On Mon, Apr 14, 2025 at 12:47:21PM -0400, Johannes Weiner <[email protected]> wrote: > It's not a functional change to the protection semantics or the > reclaim behavior.
Yes, that's how I understand it, therefore I'm wondering what does it
change.
If this is taken:
if (!mem_cgroup_usage(memcg, false))
continue;
this would've been taken too:
if (mem_cgroup_below_min(target_memcg, memcg))
continue;
(unless target_memcg == memcg but that's not interesting for the events
here)
> The problem is if we go into low_reclaim and encounter an empty group,
> we'll issue "low-protected group is being reclaimed" events,
How can this happen when
page_counter_read(&memcg->memory) <= memcg->memory.emin
? (I.e. in this case 0 <= emin and emin >= 0.)

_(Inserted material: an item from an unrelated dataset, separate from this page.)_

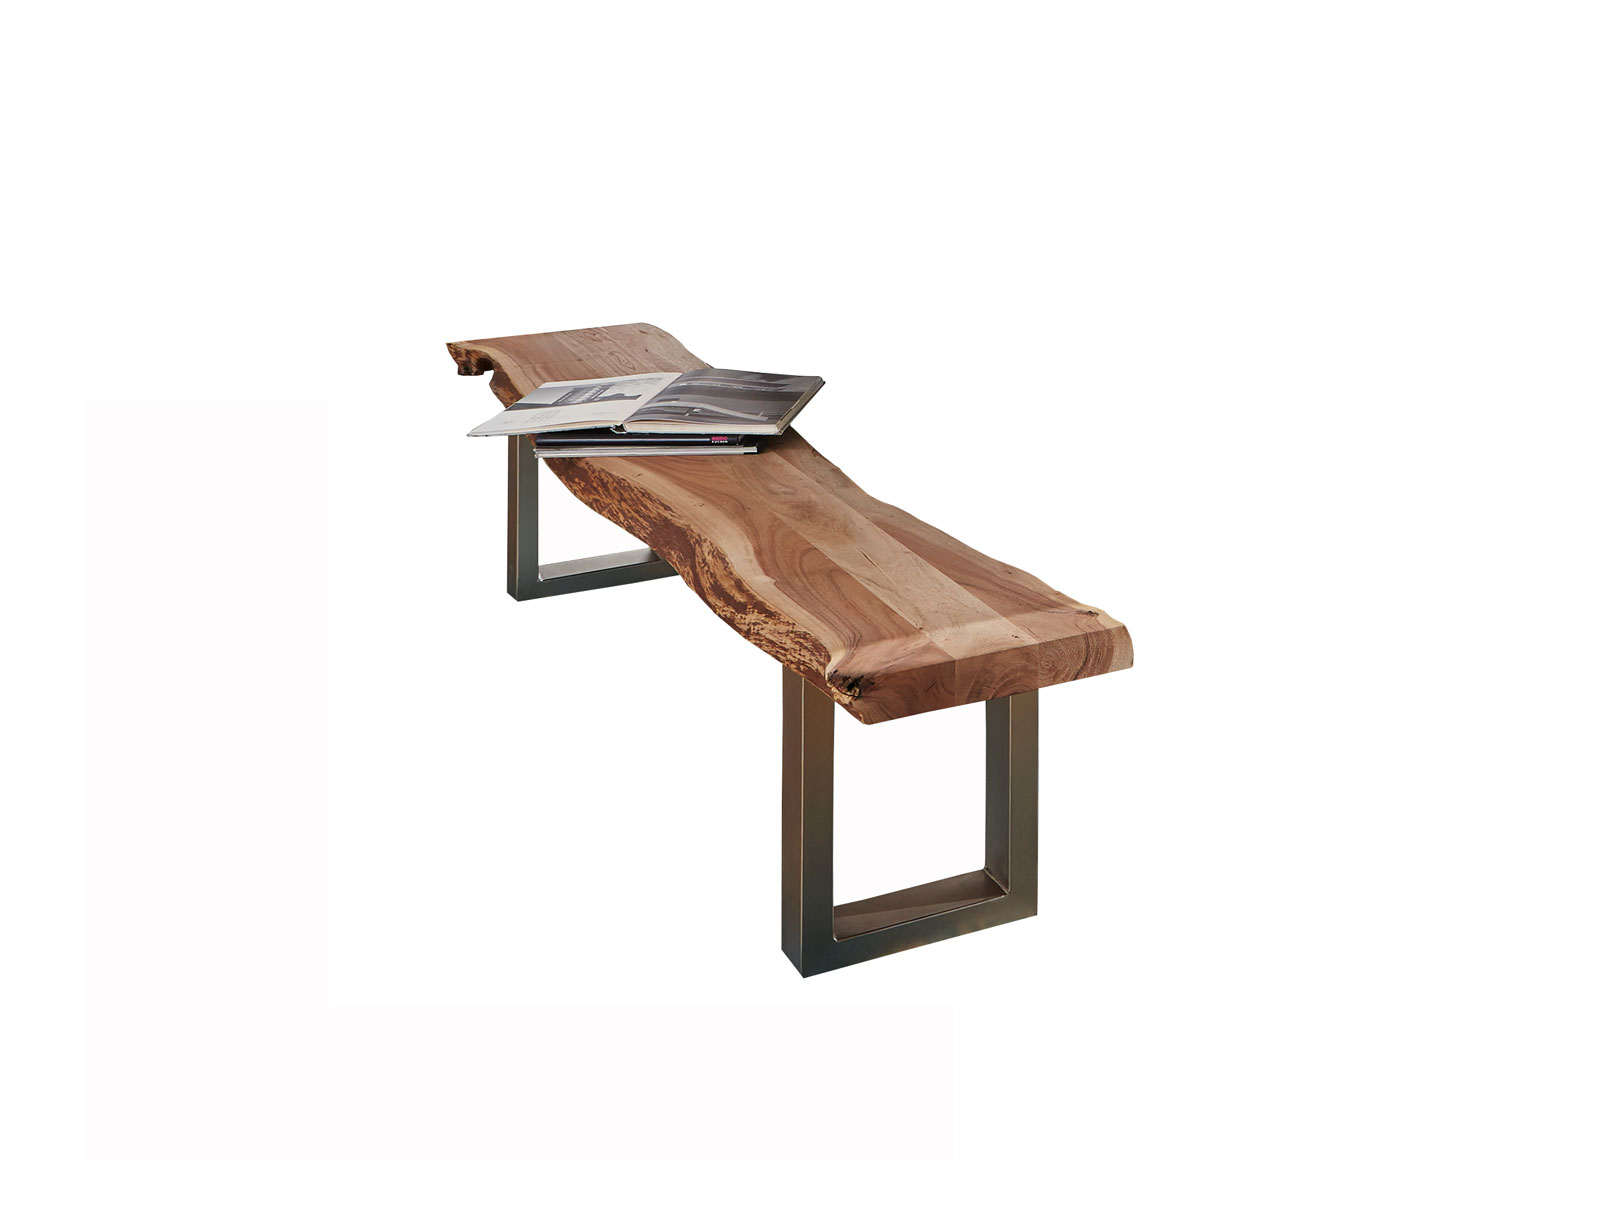 sam® sitzbank holz massiv baumkante 195 x 38 x 45 cm akazie madras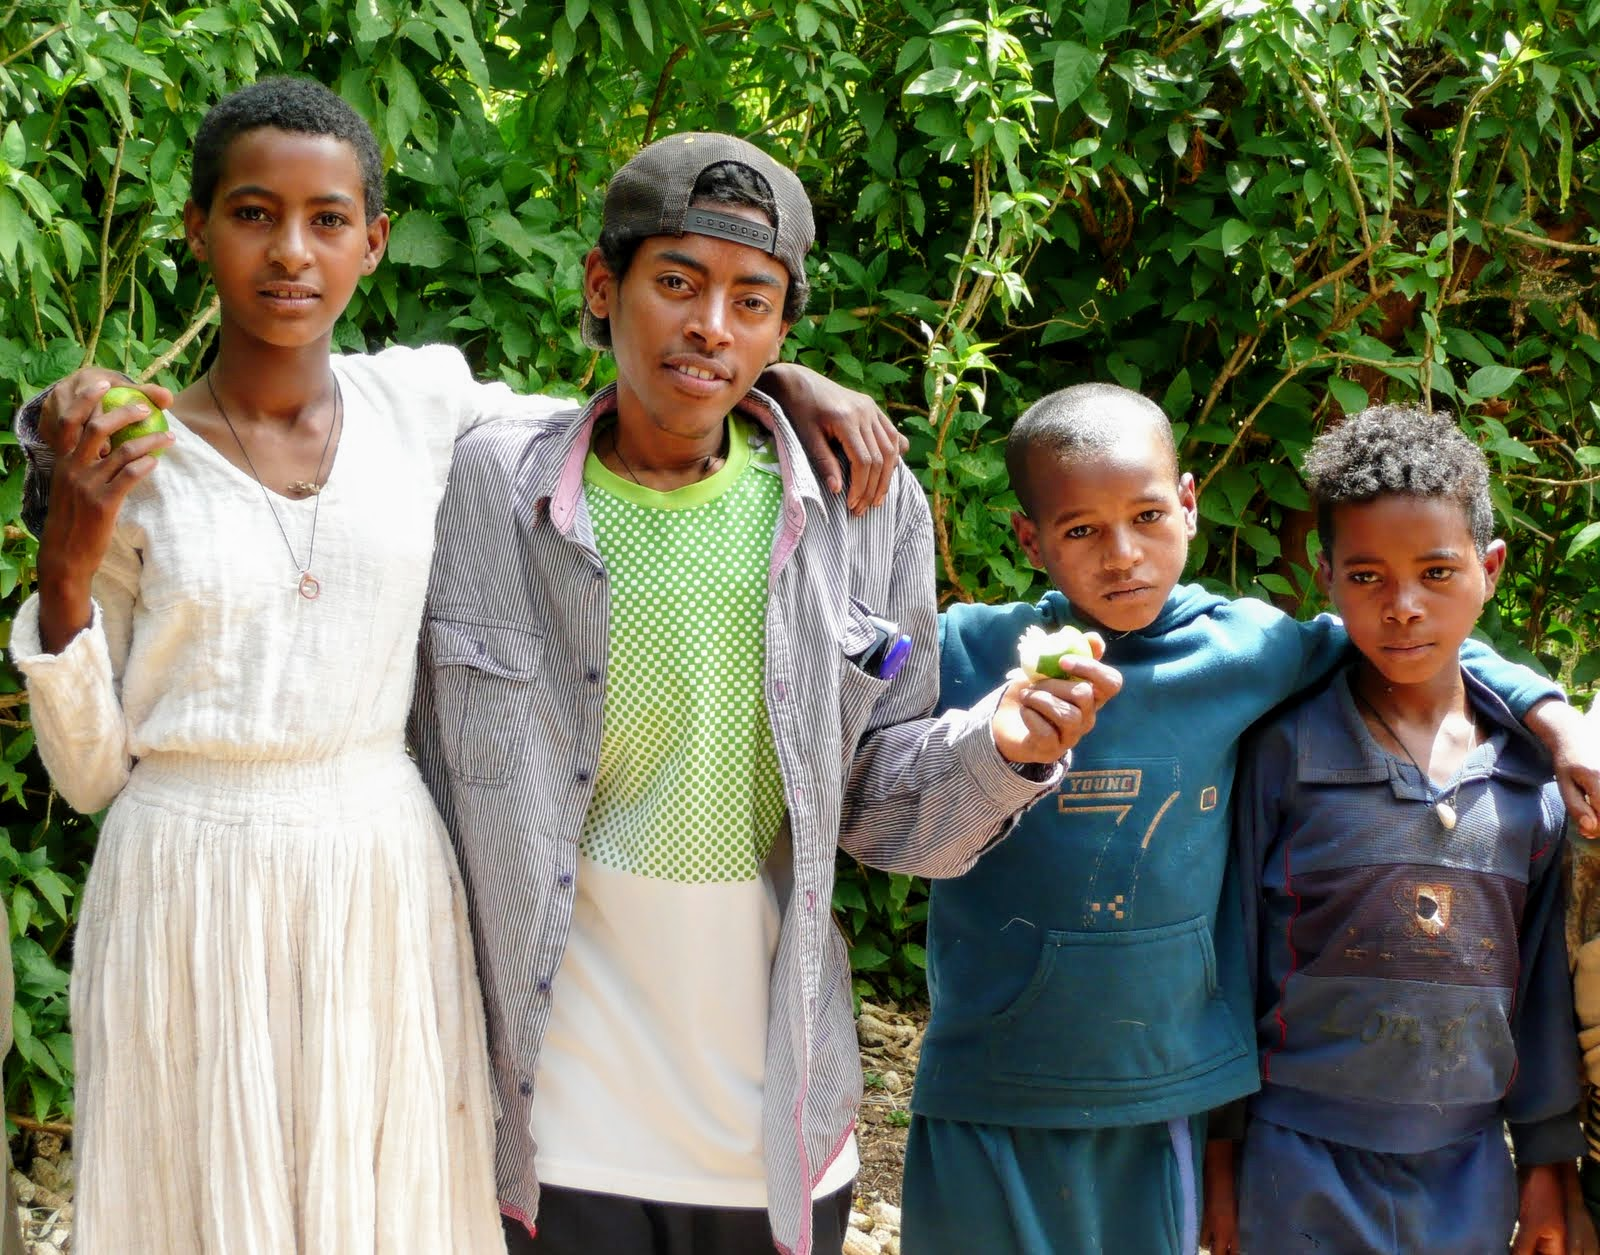 Tesfaye, Fanteye and two brothers.

> which is kind of absurd (nothing will be reclaimed) and thus confusing
> to users (I didn't even configure any protection!)
Yes.
> I suggested, instead of redefining the protection definitions for that
> special case, to bypass all the checks and the scan count calculations
> when we already know the group is empty and none of this applies.
>
> https://lore.kernel.org/linux-mm/[email protected]/
Is this non-functional change to make shrink_node_memcgs() robust
against possible future redefinitions of mem_cgroup_below_*()?